Огромные, как тарелки, глаза затянули Лёху в водоворот, и невидимая рука выдернула его из этого кабинета. И где-то вдалеке он услышал удаляющийся голос:

— И собаку свою паскудную забирай…


Пять дней до Апокалипсиса

— Куда прешь, деревня лапотная! — резкий окрик заставил майора Петрова вздрогнуть. Он вновь стоял на перекрестке, и растерянно смотрел на карету, которая пронеслась мимо, обдав его грязью. Надо сказать, что и в этот раз Лёха никуда не пер, а просто стоял, и обозревал открывшуюся ему картину. Вот ты какой, рай для хрустобулочников! Центр Москвы был похож на знакомый ему центр Москвы, но он был непривычно обшарпанный, грязноватый, а вместо автомобилей мимо пролетали конные экипажи, в которых сидели напыщенные личности, которые на него, Лёху, смотрели, как на насекомое. Мостовая была покрыта брусчаткой, которая находилась в довольно скверном состоянии, а потому перед Лёхой расстилалась гомерическая по размерам лужа. Липкая жидкая дрянь растеклась от одного края площади до другого. Он осмотрел себя, и остался крайне недоволен увиденным. То, что было на нем, подняло из генетической памяти слова «армяк» и «поддевка». Но, что из надетого на нем было армяком, а что поддевкой, майор не сказал бы даже под угрозой расстрела. Да, и было ли это именно оно, он тоже не сказал бы. На голове оказался надет предмет, который Лёха опознал довольно уверенно. Это был картуз. Опустив взгляд вниз, он увидел, что обут в сапоги, находящиеся в предсмертном состоянии, обмазанные какой-то густой и вонючей субстанцией. Деготь, решил Лёха. Но опять же, почему он так решил, для него самого осталось загадкой. Видно, из-под завалов уголовных дел и отказных материалов начало пробиваться что-то из школьной программы по литературе. Сунув руку в карман, он обнаружил пятьдесят семь копеек с половиной. Лёха с тупым недоумением разглядывал лежащие на ладони потертые гривенники, и медь в размере пяти, двух и одной второй копейки. Лёха до этого и не знал, что меньше копейки что-то бывает. Дела, подумал он, и попытался привычно почесать подбородок, но рука его нащупала жесткую кустистую бороденку, которой у него никогда на этом месте на было. Уж в этом Лёха был уверен совершенно точно.

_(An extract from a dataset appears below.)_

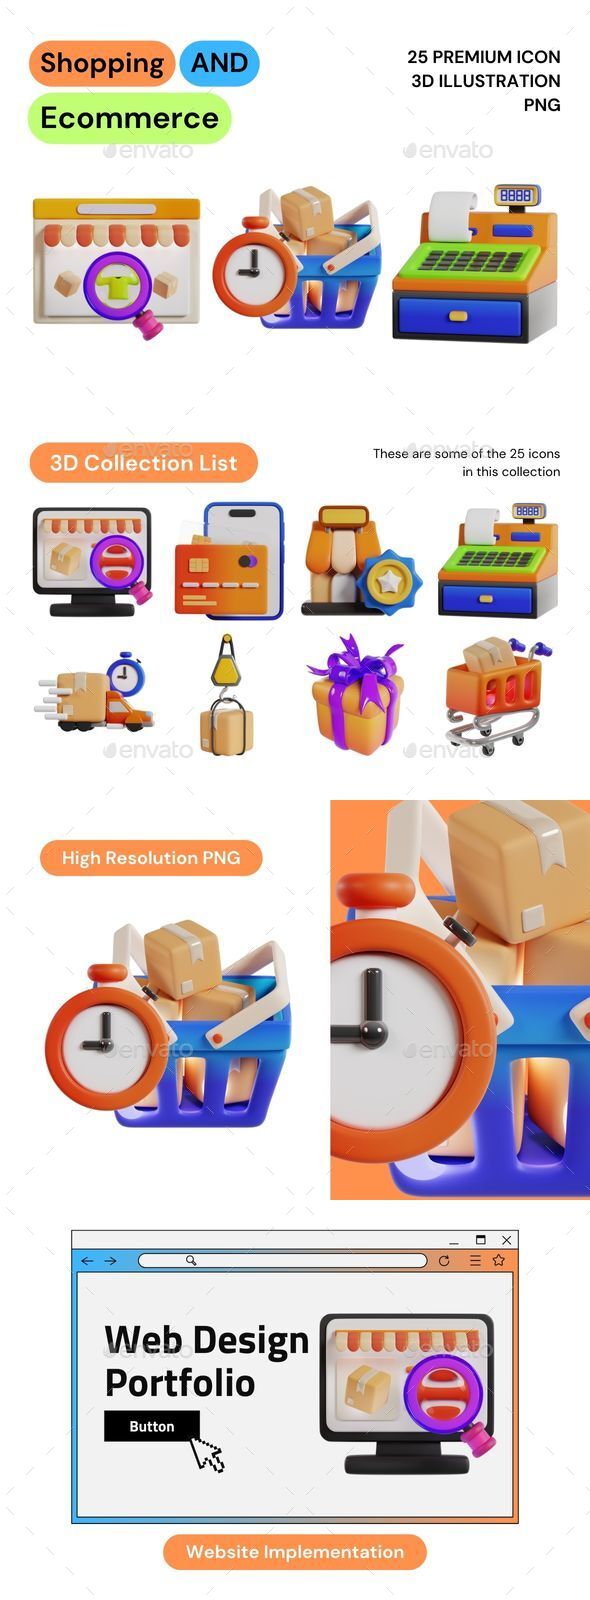 Shopping and Selling 3D Illustration

Если не знаешь, куда идти, нужно идти куда-нибудь, перефразировал он известную поговорку, и решительно повернул налево, ибо именно эта сторона в его новом месте службы была приоритетной. Идти прямо, через лужу, ему не хотелось совершенно. Перед глазами вдруг появилась надпись.

«Ты мой герой! Чмоки-чмоки!» — «отправитель: НЕОБЫКНОВЕННАЯ». — Так себя забила ему в контакты Лилит.

«Что, пронесло?» — написал Лёха в ответ.

«Ага!:)))))))) Чёделаешь?»

«Служба!».

«Где сейчас?».

«У хрустобулочников».

«Фу-у-у-у, отстой. С зелеными ногами не связывайся. Они полный отстой. Мне бежать надо. Пока-пока!». Заморгала надпись «Абонент не в сети».

Вот и поговорили, растерянно подумал Лёха, поправив висящий на плече вещевой мешок, в котором теперь лежали его вещи. Что еще за зеленые ноги? Ну да ладно, подумал он, двигаемся по старой схеме, через официантов. И он, ничтоже сумняшеся, сделал резкий поворот и вошел в дверь помещения, над которым висела вывеска «Трактир». Его появление не осталось незамеченным, и посетители, вместе с персоналом смотрели на него с удивлением, и даже с некоторой брезгливостью. Тут было довольно прилично, а публика была одета в сюртуки или в какую-то полувоенную форму с блестящими пуговицами.

— Ты чего сюды вперси, захухря[3] лободырная[4]? — злобно прошипел официант, который пробудил в Лёхе понятие «половой». — Пошел отсюда. Телегу свою сзади загоняй, там разгрузисьси. Вот ведь деревня неумная.

Лёха вышел на улицу и недоуменно осмотрел себя. Система дала сбой. Он, как был крестьянином, так им и остался. Что же делать? И он побрел дальше по улице. Шел он недолго, видно Москва тех лет была куда меньше, чем в его время. Он шел по какому-то бульвару, и уже минут через десять на него стали поглядывать, а две барышни, шедшие под ручку, прыснули в кулачок со смеху, и стали тараторить по-французски. Этот язык, что интересно, был слышен довольно часто, и большая часть прохожих смотрела на него с нескрываемым удивлением. С удивлением на него смотрел и городовой, который стоял около небольшой будки, выкрашенной в черно-белый цвет.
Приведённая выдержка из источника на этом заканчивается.